- _DATA EXTRACT_:
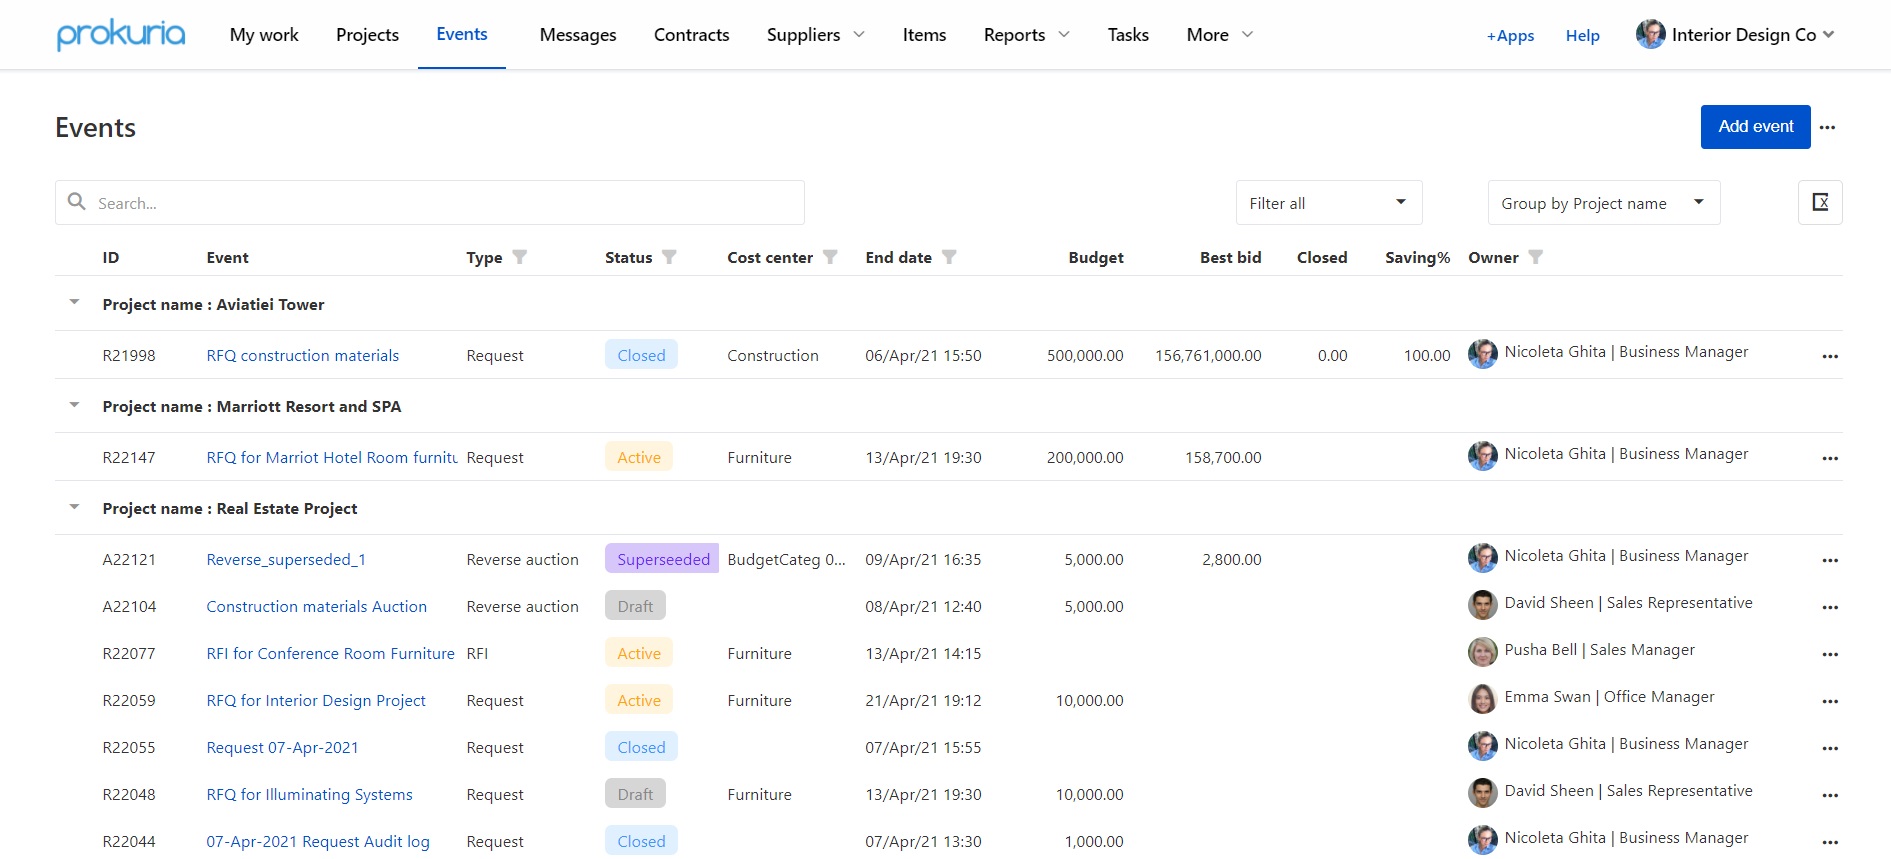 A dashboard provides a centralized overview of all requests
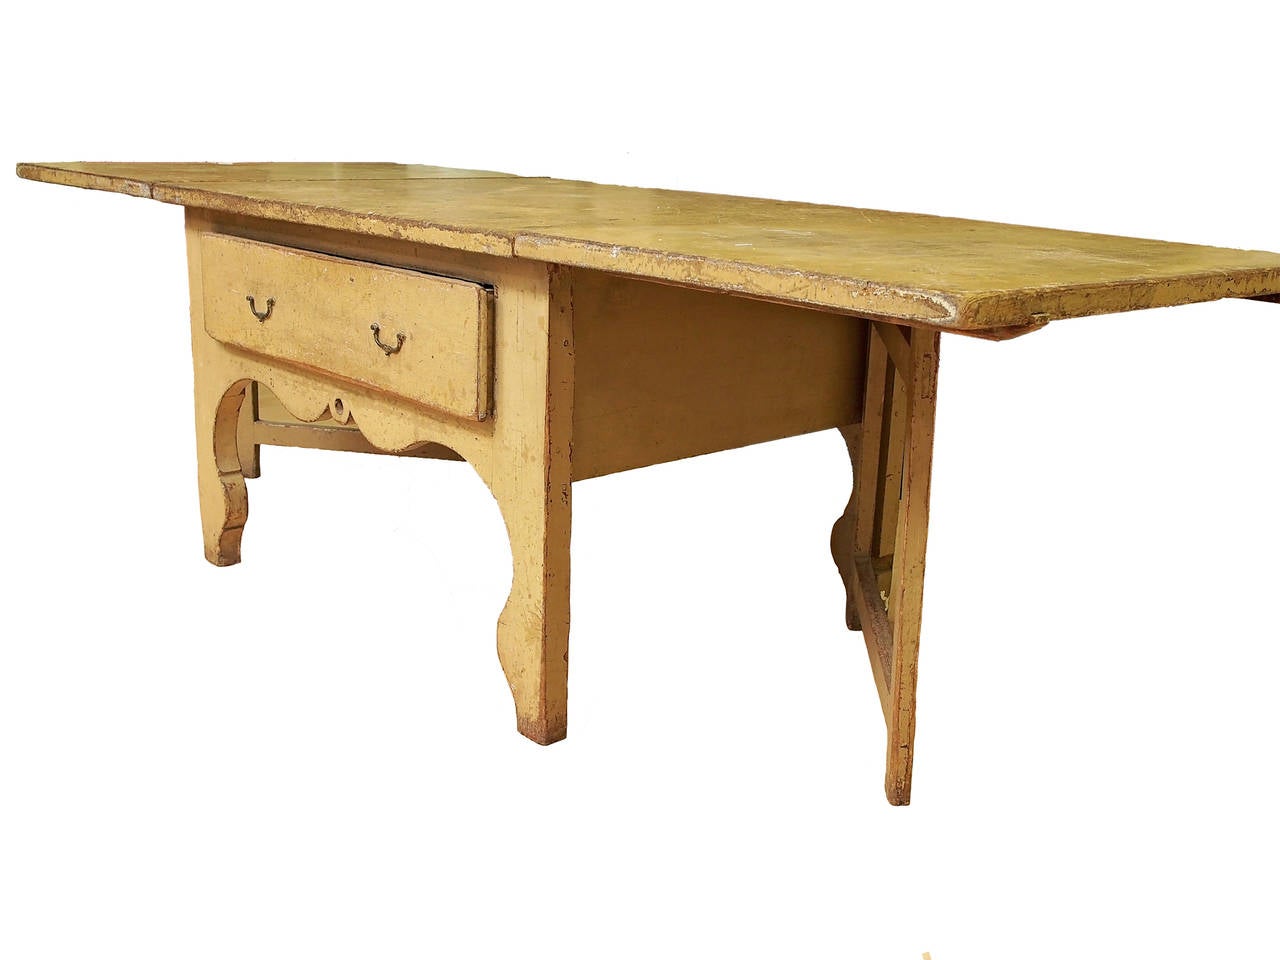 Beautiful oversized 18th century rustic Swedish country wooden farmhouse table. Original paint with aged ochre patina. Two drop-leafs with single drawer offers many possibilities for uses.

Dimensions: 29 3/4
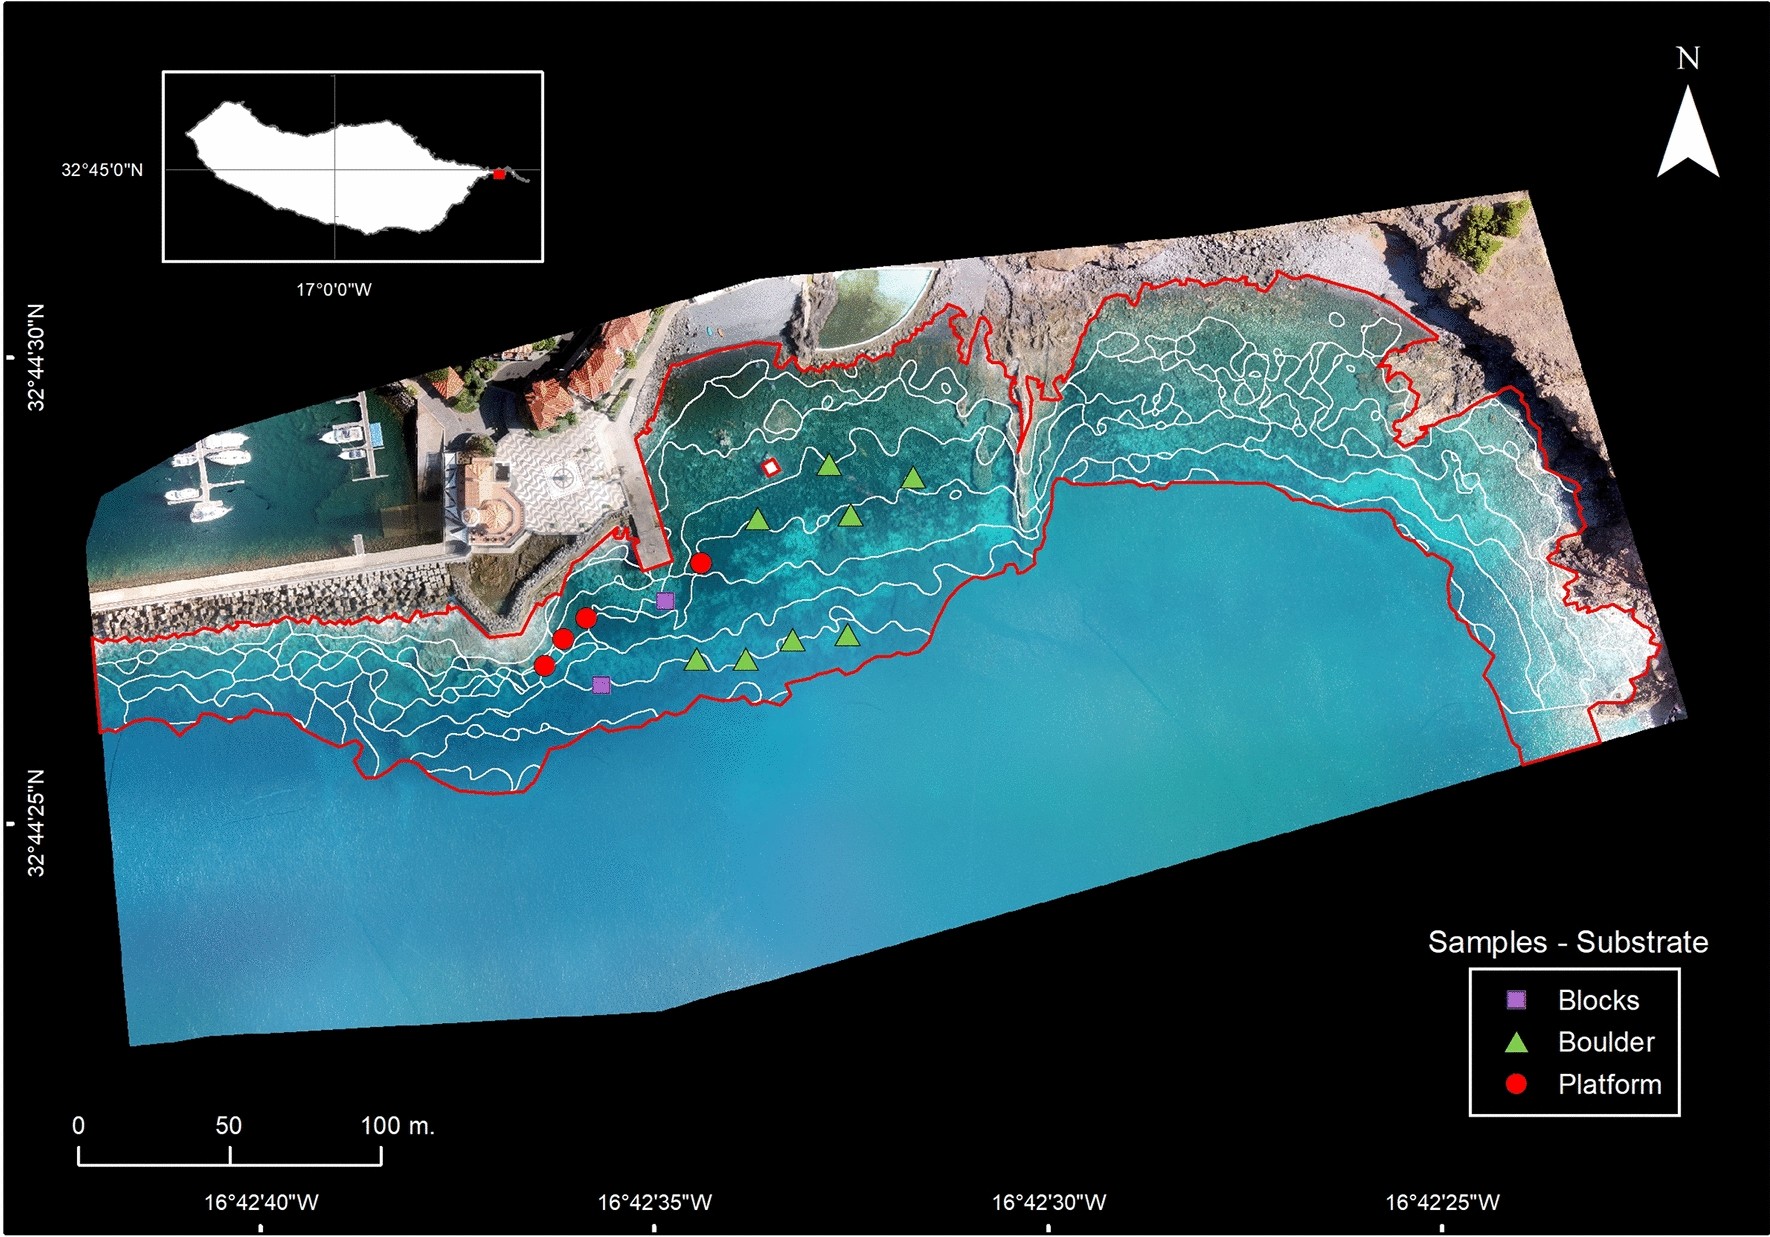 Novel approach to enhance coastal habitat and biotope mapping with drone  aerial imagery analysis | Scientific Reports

- _WHAT IS NEEDED_: Transcribe the full listing above exactly, with the images removed.

- _RESPONSE BOX_:
 A dashboard provides a centralized overview of all requests
 Beautiful oversized 18th century rustic Swedish country wooden farmhouse table. Original paint with aged ochre patina. Two drop-leafs with single drawer offers many possibilities for uses.

Dimensions: 29 3/4
 Novel approach to enhance coastal habitat and biotope mapping with drone  aerial imagery analysis | Scientific Reports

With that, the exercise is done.